The Practical Lantern Test can only be conducted at the Victorian College of Optometry in Melbourne. The test is supposedly designed to simulate a PAPI. Many pilots however report this test as being more difficult to pass than the Signal Light Test and state that it does not in any way replicate a real-life PAPI. There is a strong argument that these two ‘practical’ tests do not reflect an ‘operational situation’ as recommended by the AAT and there is currently a further appeal underway to challenge these tests.

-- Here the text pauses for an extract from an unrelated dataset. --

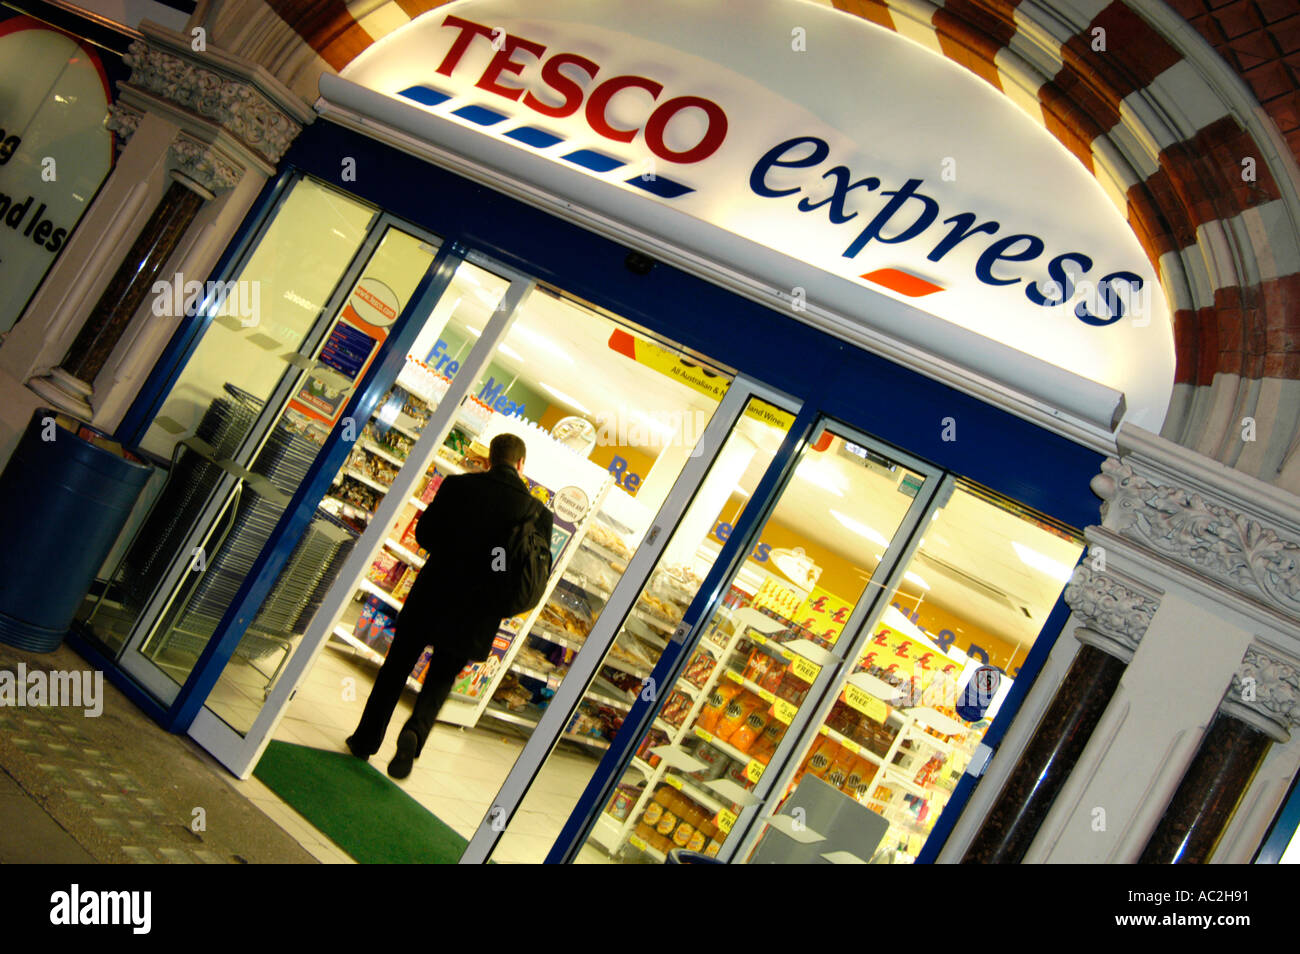 Tesco Express store at night open until late, London England UK Stock Photo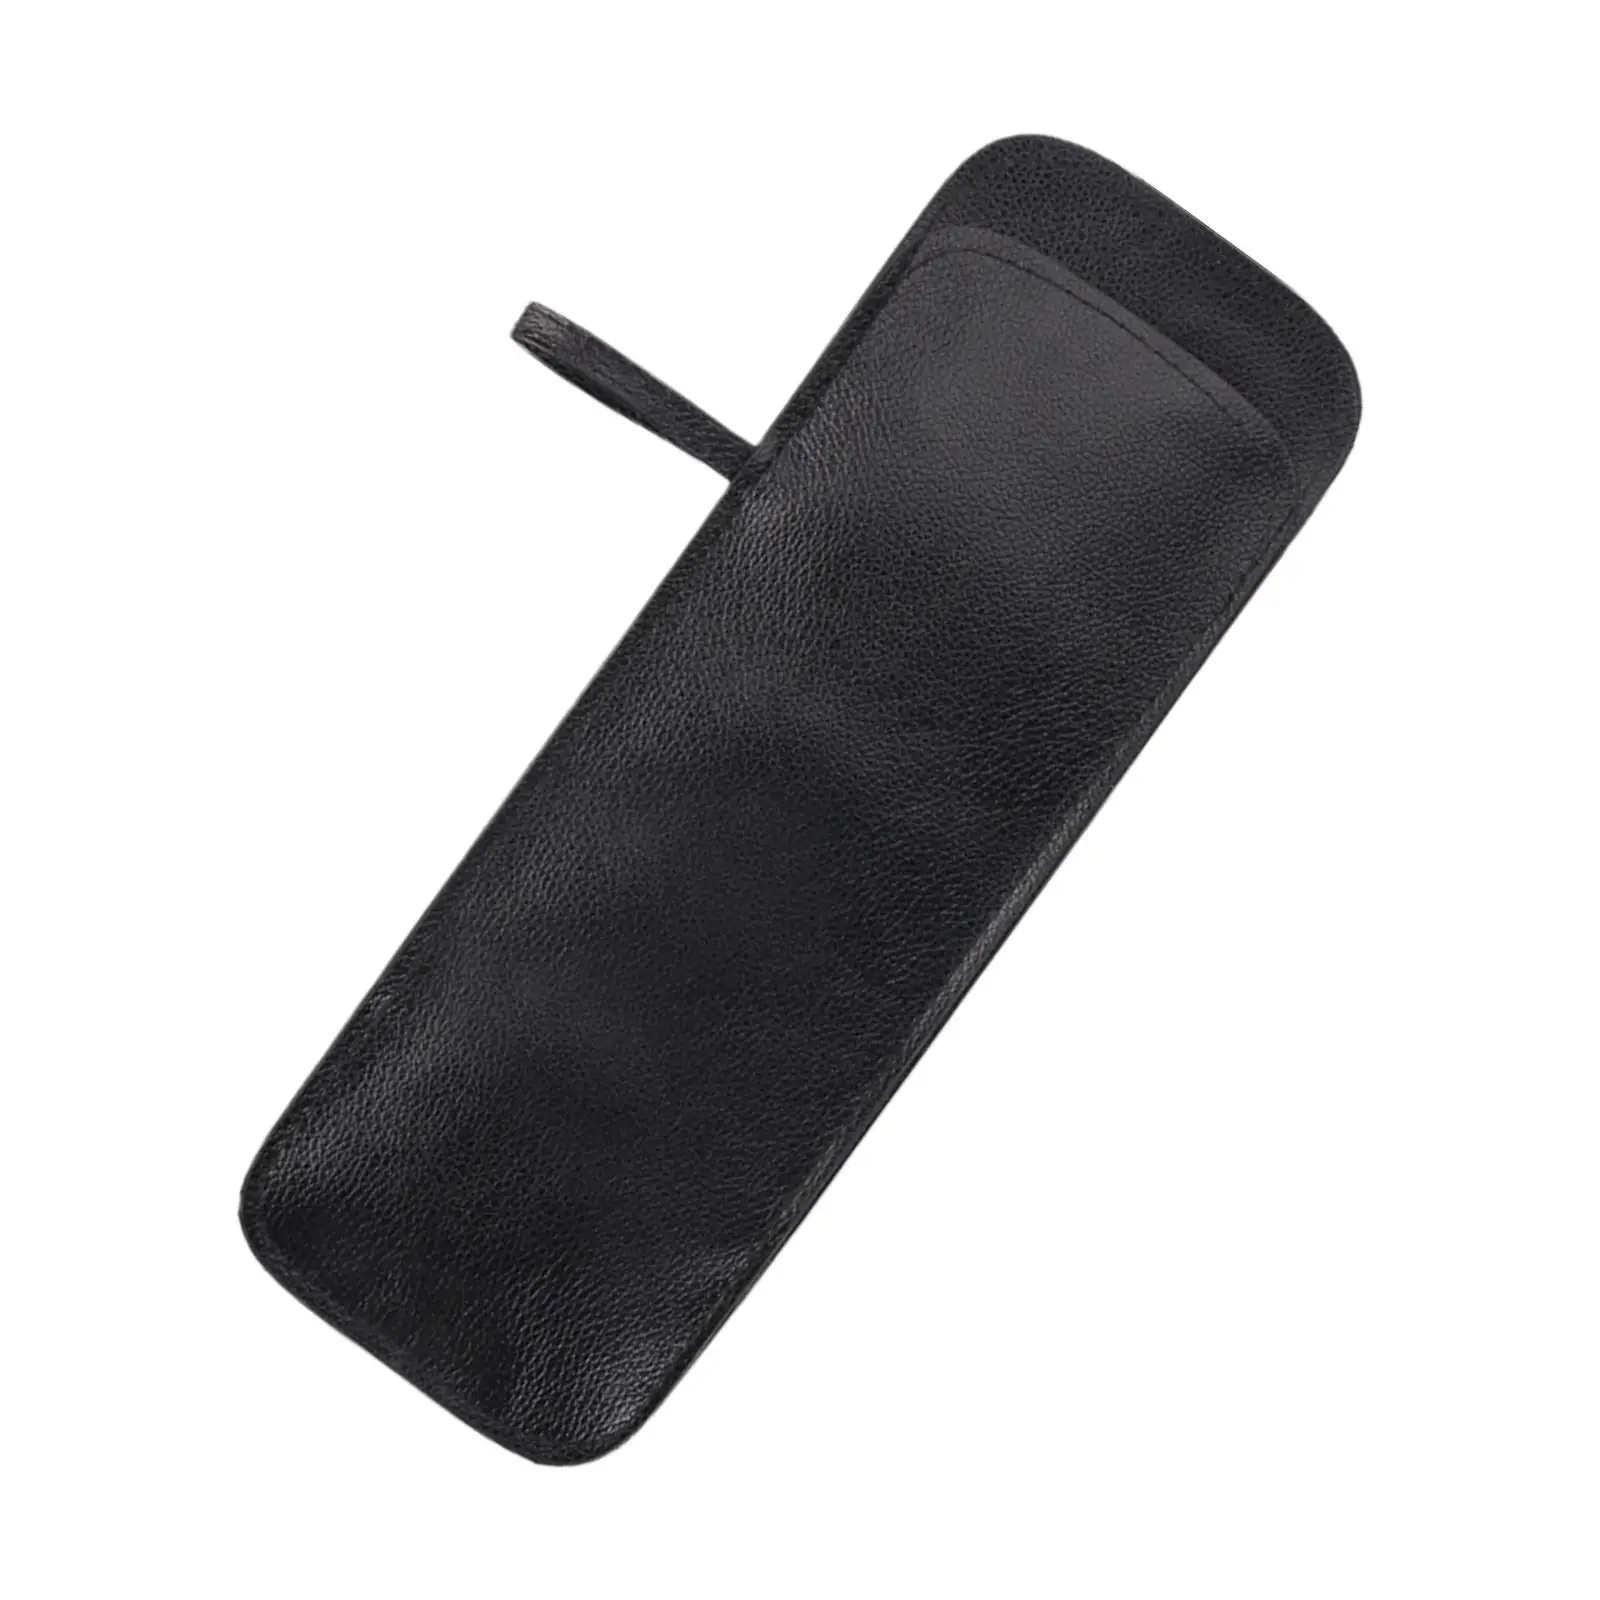 Umbrella Sleeves Covers for Wet Umbrellas Portable Umbrella Carry Bag Wet Umbrella Case Umbrella Pouches for Travel Outdoor Home

If you fail any of these above tests, you will still be able to operate using full CPL privileges day or night, VFR or IFR. Effectively, this will allow you to fly any single pilot aircraft as pilot in command. It will also enable you to progress to the rank of an airline First Officer (as only a CPL is required to be a co-pilot). Your medical will have the following restrictions:
Not valid for ATPL operations
Holder does not fully meet the requirements of ICAO Convention Chapter 6 of Annex 1 (limits you to flying in Australian airspace only)
If you pass any of the above tests, you will be granted a full unrestricted class one medical!